### [Exercise]
Output the listing word for word, minus pictures.

### [Recorded information]
= Beginning of Section =

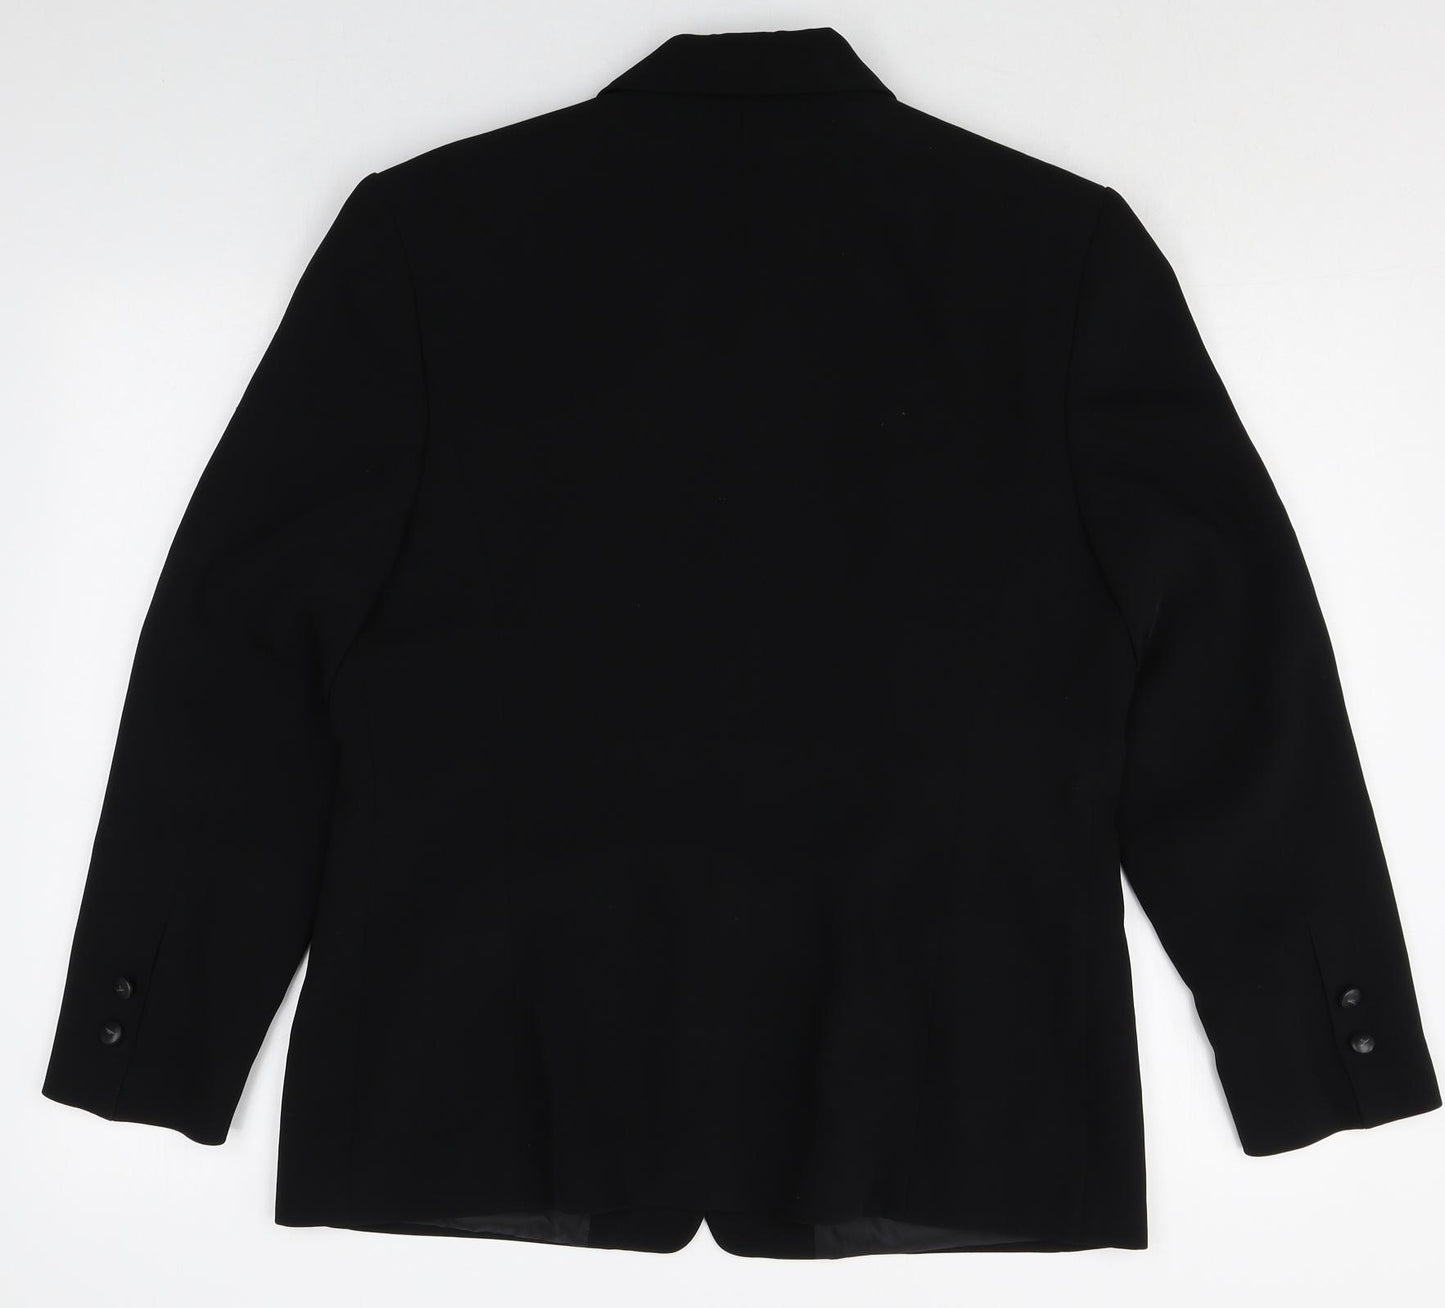 Marcona Womens Black Polyester Jacket Suit Jacket Size 14
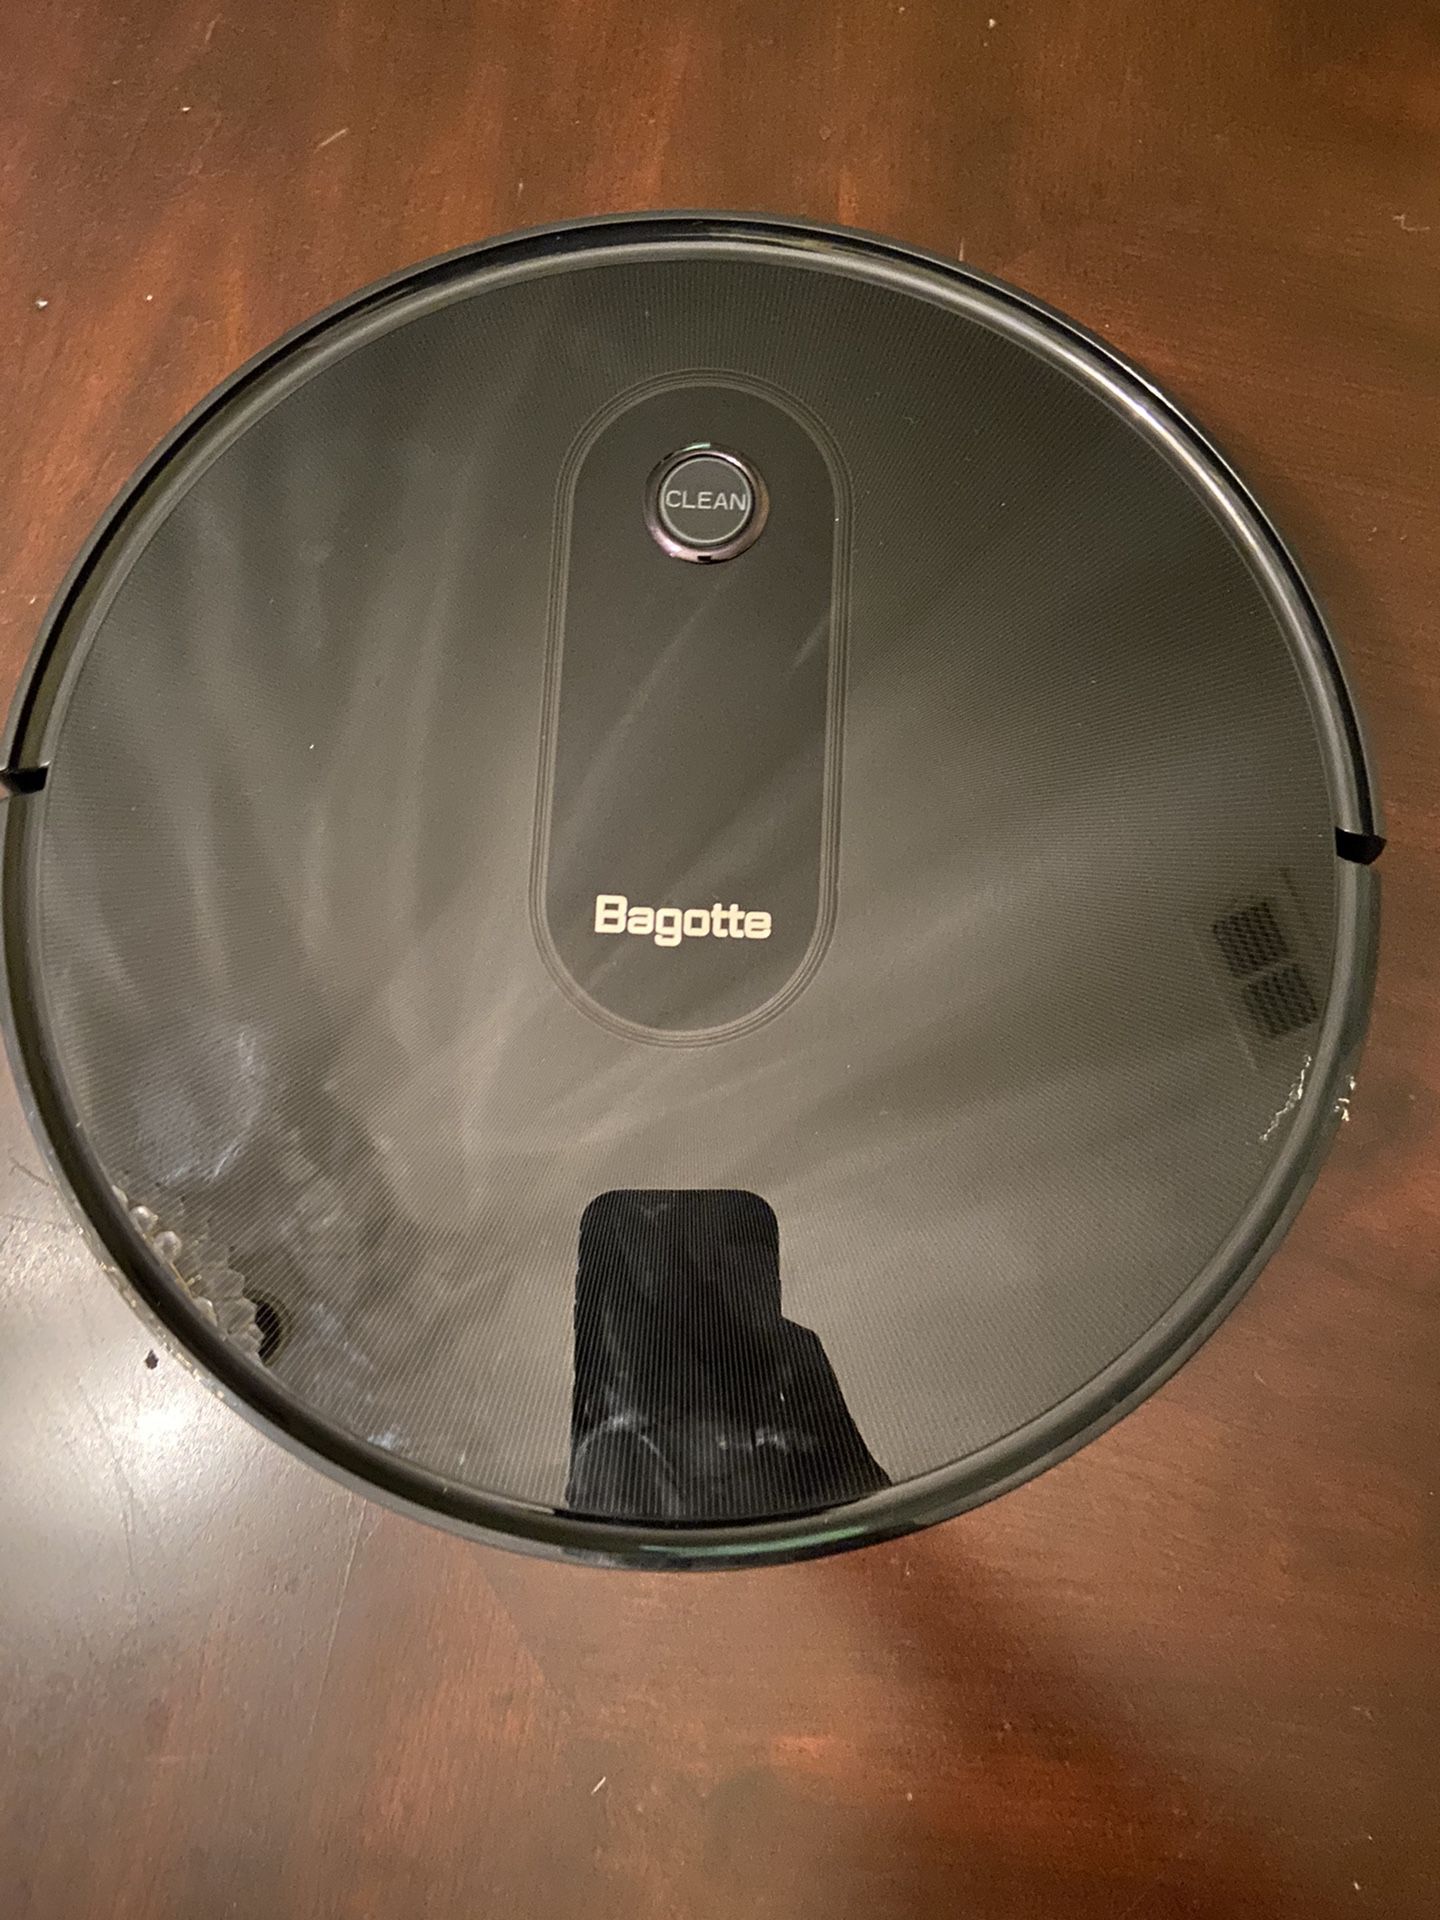 Bagotta Robotic Vacuum Cleaner
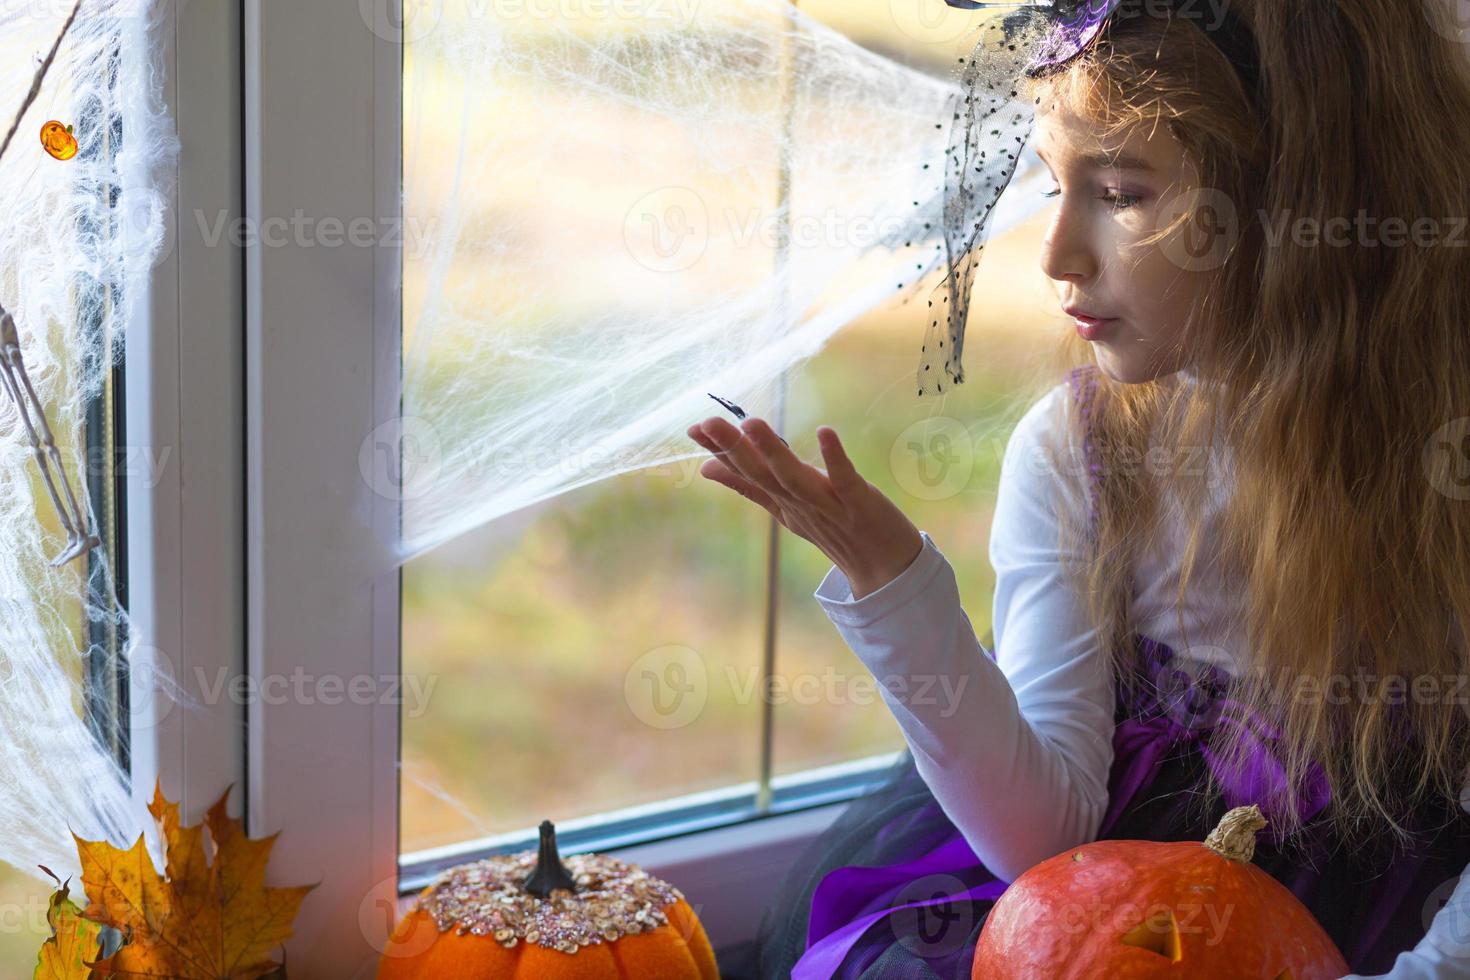 en flicka i en häxdräkt på fönsterbrädan vid fönstret leker med ett spindelnät och en spindel och dekorerar huset för halloween-semestern. fruktansvärda landskap, rädsla och fasa, pumpor foto

= End of Section =

### [Written answer]
 Marcona Womens Black Polyester Jacket Suit Jacket Size 14
 Bagotta Robotic Vacuum Cleaner
 en flicka i en häxdräkt på fönsterbrädan vid fönstret leker med ett spindelnät och en spindel och dekorerar huset för halloween-semestern. fruktansvärda landskap, rädsla och fasa, pumpor foto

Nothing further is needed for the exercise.